Another puzzle that I found vaguely irritating. There are too few clever wordplay constructions and too many oblique references for my taste such as 2D IMMODEST and 4D CORRIDOR. I had finished this in just under 20 minutes bar 10A and I have stared at ?M?N for some time now. I’ve guessed AMEN as the answer but need my ever erudite audience to explain the rest of it – or correct my guess if I’m wrong

Across
1 BIBLICAL – Job is a character in the Christian Bible – awful clue;
9 ALTHOUGH – A-L-THOUGH(t); “however” is the definition;
10 AMEN – a pure guess on my part based on a supposed definition “right” – I don’t see the rest of it; on edit – see solution provided by Jack. Another clue I’m not enamoured of;
11 DARBY,AND,JOAN – (any DJ or a band)*; the folks who live on the hill;
13 PENNED – two meanings;
14 ROLL-CALL – demand=CALL; revolutionary movement=ROLL; the start of the school day;
15 STIR-FRY – prison=STIR (slang); penal reformer=(Elizabeth) FRY;
16 HARBOUR – H-ARBOUR;
20 ACID,RAIN – AC-I-DRAIN; (alternating) current=AC;
22 CELERY – CELER(it)Y;
23 ABSENT-MINDED – “with fonder heart”=reference to “absence makes the heart grow fonder”; was caring=MINDED;
25 DASH – three meanings 1=throw=cast 2=mild swear word from yesteryear 3=just a little;
26 DILUTION – (until I do)*;
27 TUTORING – TU-TO-RING; TU=Trade Union (people not working collectively?);
 
Down
2 IMMODEST – Jonathan Swift wrote not just of Gulliver but also a work entitled “A Modest Proposal”;
3 LONDON,BRIDGE – cryptic definition + reference to the old song “London Bridge is Falling Down”;
4 CORRIDOR – reference the phrase “corridors of power” (always said in the plural?);
5 LAWYERS – LA(W)YERS;
6 ATONAL – A-TON-A-L(ock); “a ton” is slang for 100mph (160kph);
7 EURO – hidden (bibl)E (yo)U (refe)R (t)O; the Mark was the German currency (and may soon be again);
8 CHANDLER – C-HANDLER; clubs=C (playing cards); a second = a HANDLER (boxing);
12 JACOBS,LADDER – two meanings;
15 SEAWARDS – S(E-AWARD)S; E is from (pirat)E; SS=steamship so “escorted by vessel”;
17 ACCIDENT – ACC(I’D)ENT;
18 UNREASON – (nuns are + o=old)*;
19 ANCIENT – A-N-C(I)ENT;
21 ANTRIM – A-N(o)T-RIM; “none the less not”=NT;
24 SILK – S-ILK; a SILK is an even more expensive barrister (advocate);

48 comments on “Times 24,923 Which Tube Exit Would That Be?”
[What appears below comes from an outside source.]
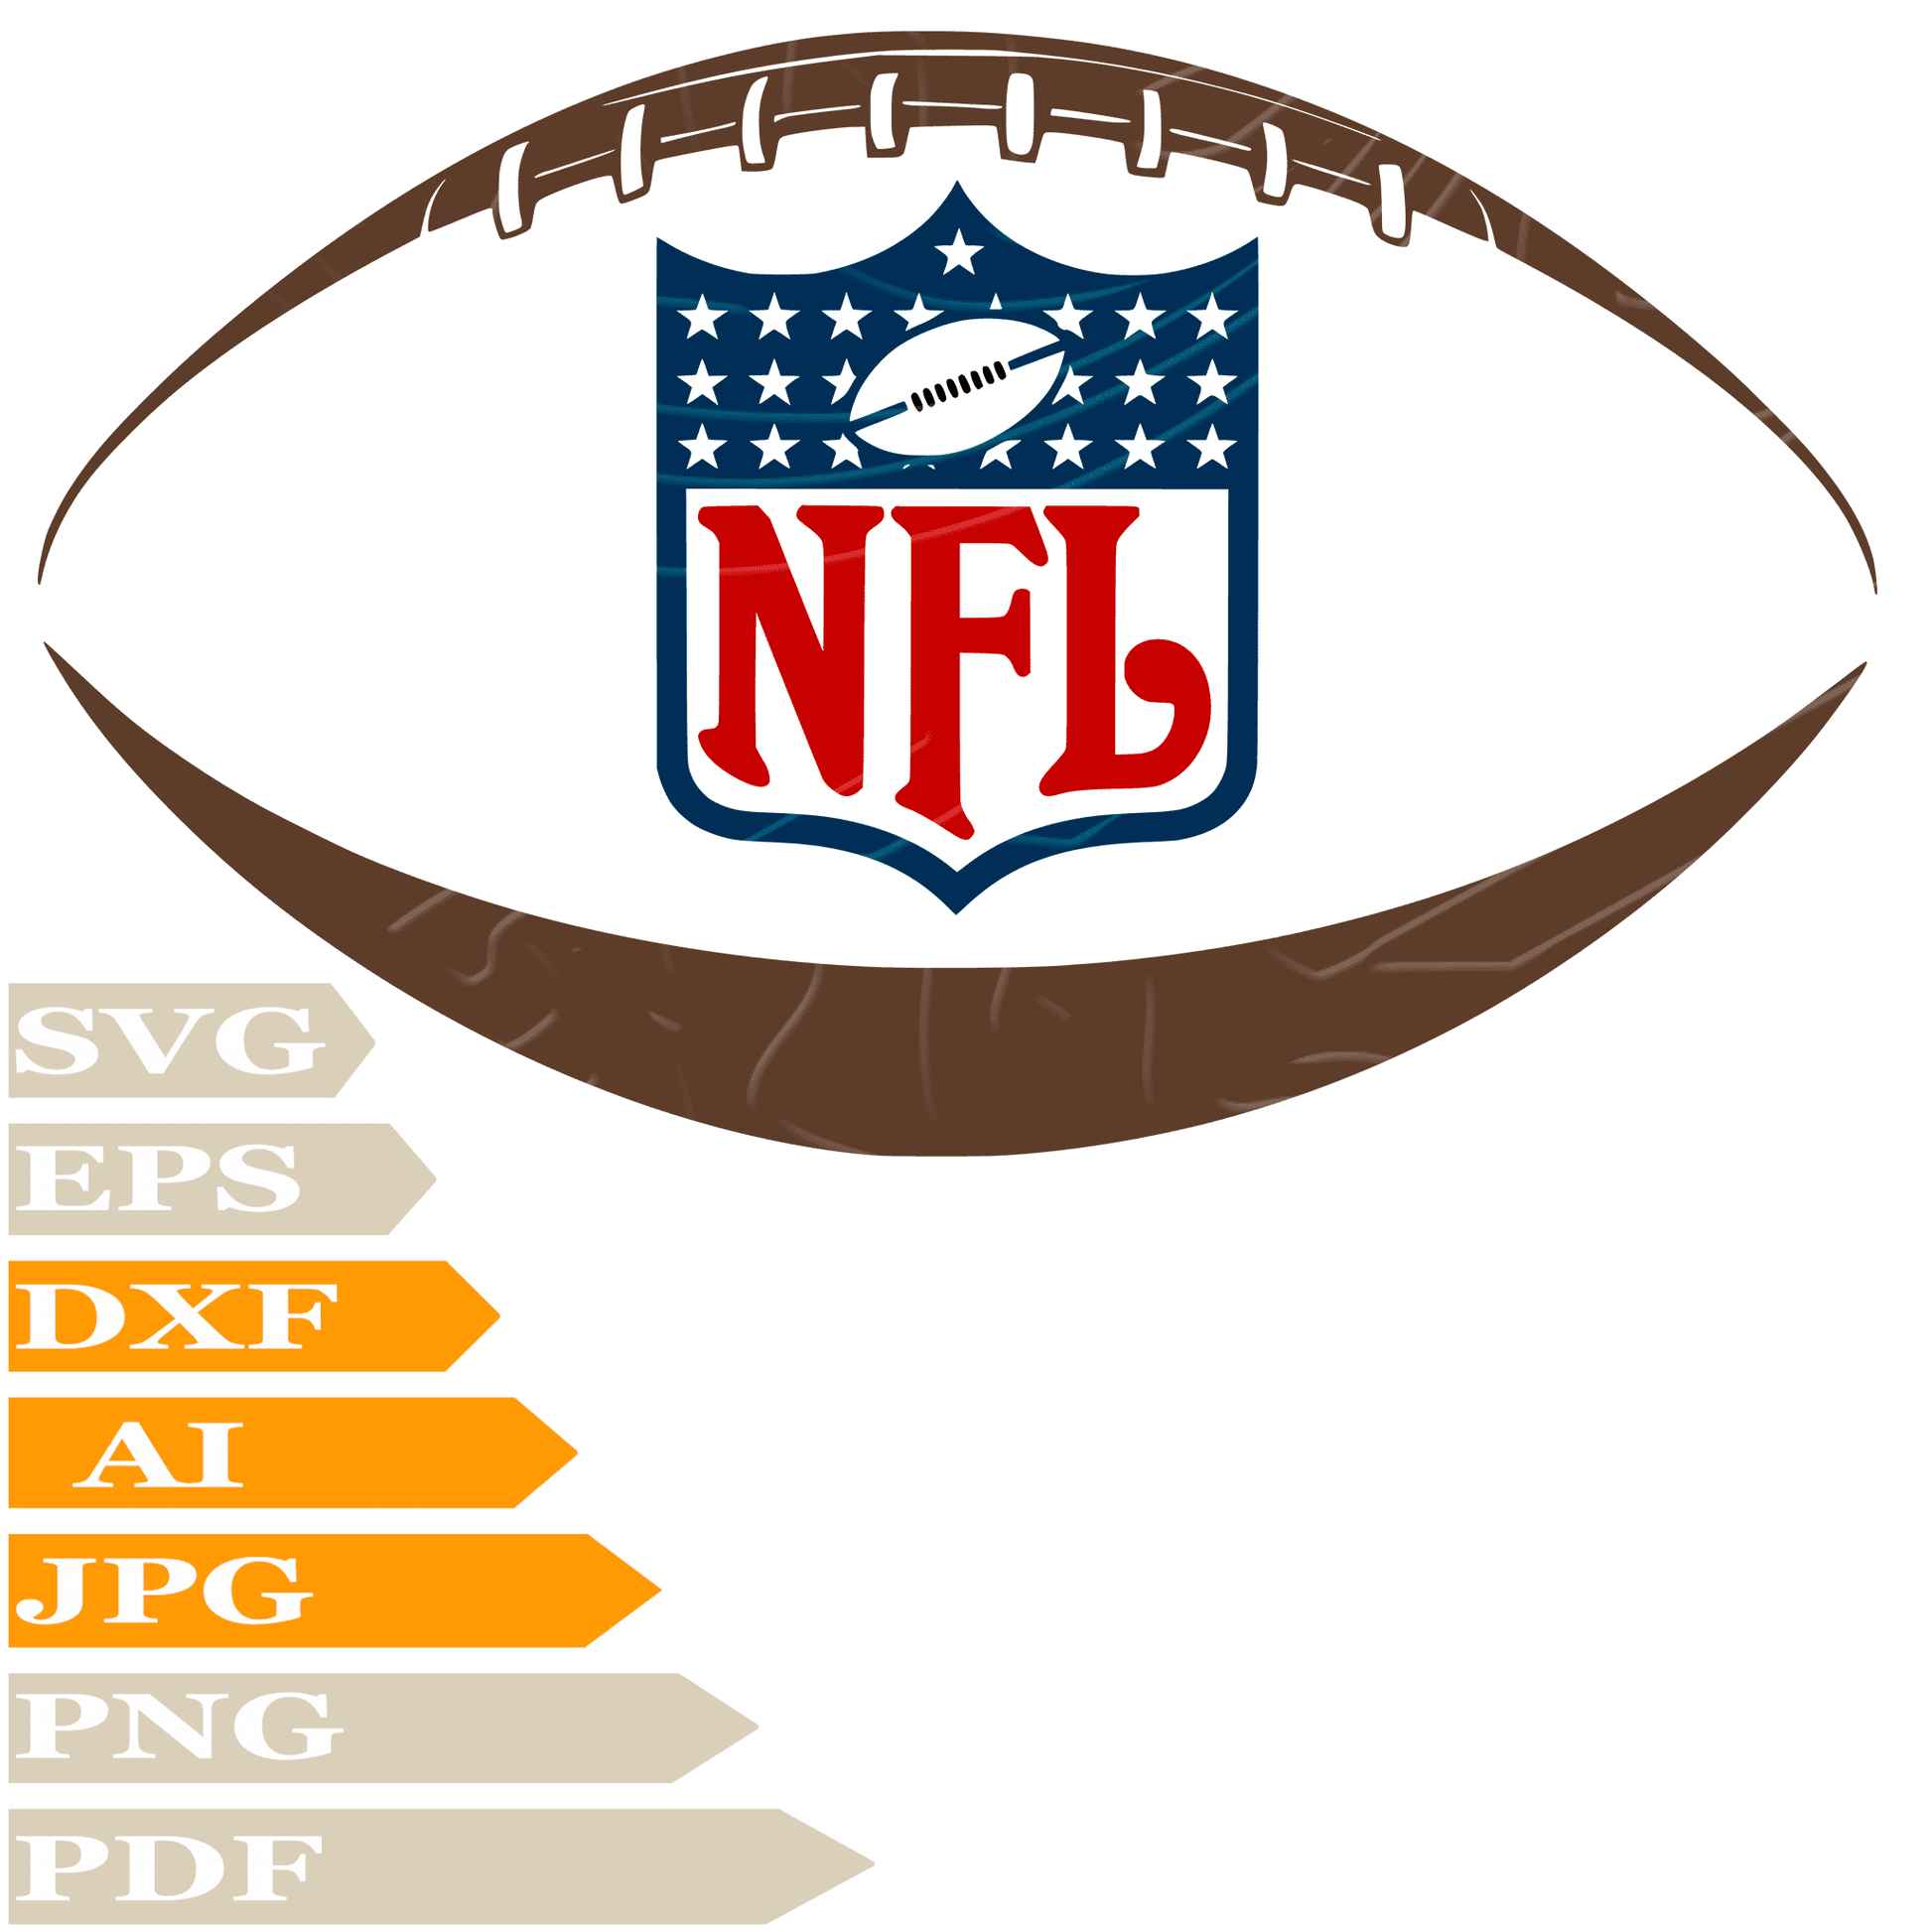 American Football SVG File, National Football League NFL Logo SVG Design, NFL Vector Graphics, NFL Logo PNG, Cricut, Image Cut, Clipart,  For Tattoo, Cut File, Silhouette

  1. Similarly had major hold-ups in the top left, but I plumped for OMEN thinking there was no way that clue could lead to AMEN. Oh well…
  2. Thanks jimbo and jackkt! For once, I spotted the oblique references (Swift’s immodest proposal of infanticide is one of the few things I know about him and C.P.Snow’s Corridors of Power was part of my youthful education). So I enjoyed this 40 minute challenge, despite agreeing with jimbo over the relative lack of clever wordplay constructions. Amen.
    1. I put up another theory earlier but deleted it when I spotted the correct answer. Truly a ‘Doh!’ moment.

      I think 25ac has to be a triple definition to account for ‘just a little’.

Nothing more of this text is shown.